Be careful before using the write command.
Command (m for help): v
No errors detected.
Header version: 1.0
Using 1 out of 128 partitions.
A total of 2014 free sectors is available in 1 segment.
The computer is mostly working OK and I've backed up most of /home's data but updates are backing up and I can't reinstall safely.

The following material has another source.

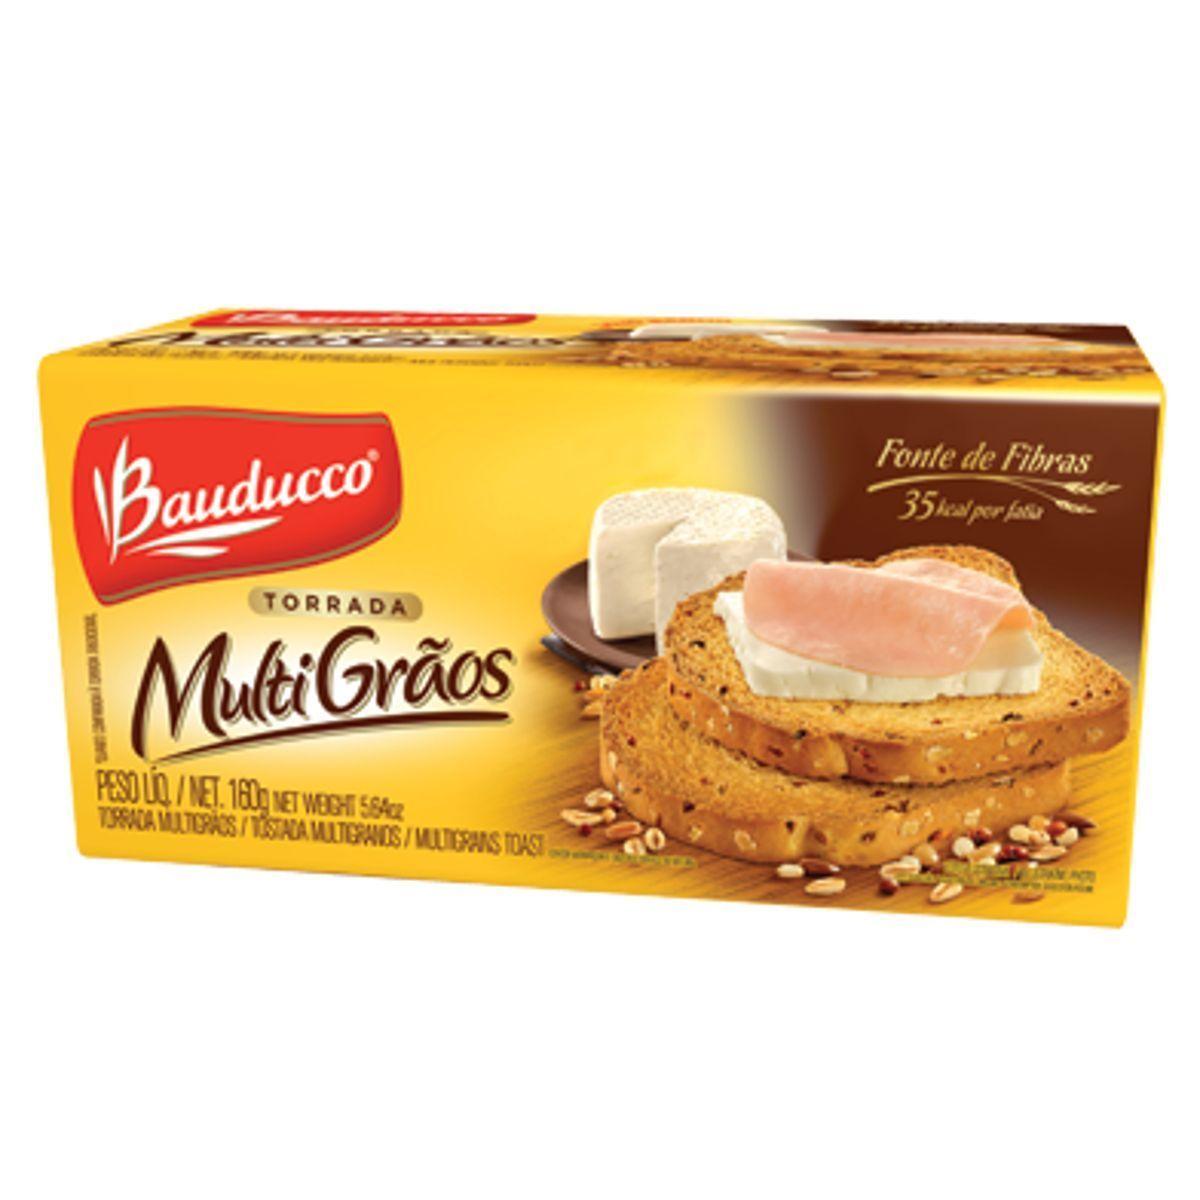 TORRADA MULTIGRÃOS BAUDUCCO 143G

In terms of hardware, physically removed each of the RAID disks in turn (PC off first, obvs) - one of the disks makes no difference to the boot (all working on reboot) but removing the other stops the boot process, so I guess the second is the working RAID /dev/sda
- /home
disk and the former is the 'broken' /dev/sdd
one! I also tried swapping the broken one to the working one's SATA cable in case that was the problem but nada!
What further diagnostics/actions can I run to see if:
- my supposition about that disk being the faulty one is right
- find out what's wrong with it
- format it or otherwise recover it and add it back into the RAID1 array (or should I get it replaced?)